I noticed /proc/sys/vm/zone_reclaim_mode was 0 on a ppc64 NUMA box. It gets
enabled via this:
/*
* If another node is sufficiently far away then it is better
* to reclaim pages in a zone before going off node.
*/
if (distance > RECLAIM_DISTANCE)
zone_reclaim_mode = 1;
Since we use the default value of 20 for REMOTE_DISTANCE and 20 for
RECLAIM_DISTANCE it never kicks in.
The local to remote bandwidth ratios can be quite large on System p
machines so it makes sense for us to reclaim clean pagecache locally before
going off node.
The patch below sets a smaller value for RECLAIM_DISTANCE and thus enables
zone reclaim.
Signed-off-by: Anton Blanchard <anton@samba.org>
Signed-off-by: Benjamin Herrenschmidt <benh@kernel.crashing.org>
#ifdef CONFIG_NUMA
+/*
+ * Before going off node we want the VM to try and reclaim from the local
+ * node. It does this if the remote distance is larger than RECLAIM_DISTANCE.
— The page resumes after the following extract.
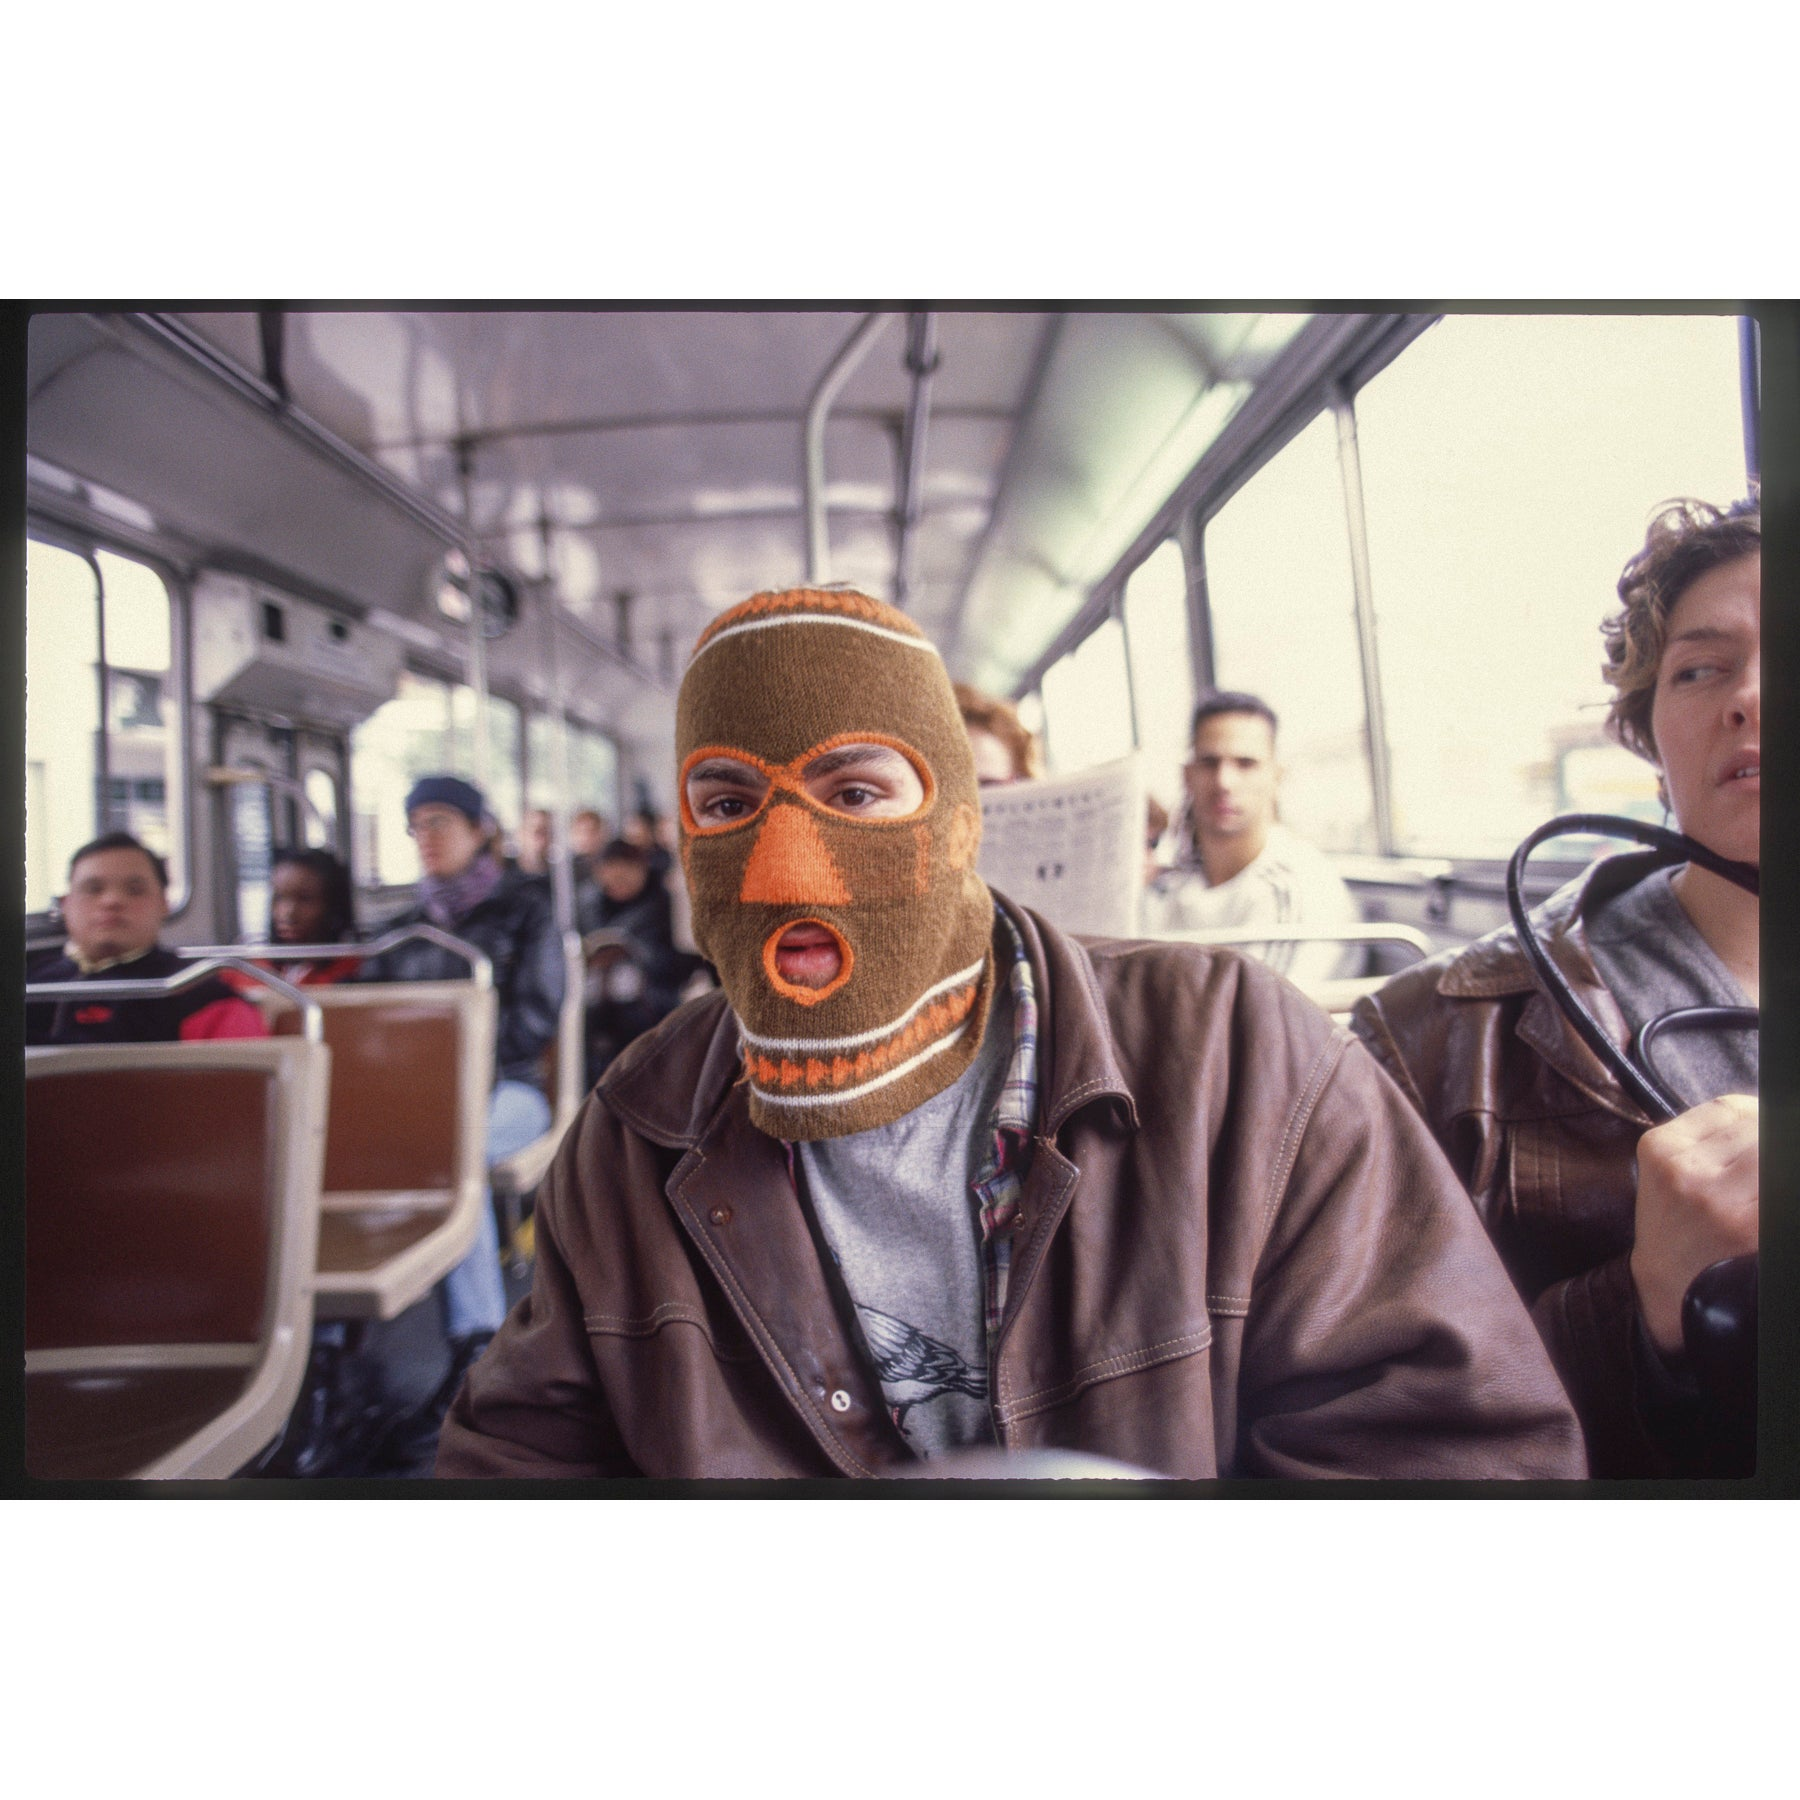 Image of Sean Young San Francisco 1998-0105-09 Anti Hero skater, by Tobin Yelland

+ * With the default REMOTE_DISTANCE of 20 and the default RECLAIM_DISTANCE of
+ * 20, we never reclaim and go off node straight away.
+ *
+ * To fix this we choose a smaller value of RECLAIM_DISTANCE.
+ */
+#define RECLAIM_DISTANCE 10
+
#include <asm/mmzone.h>
static inline int cpu_to_node(int cpu)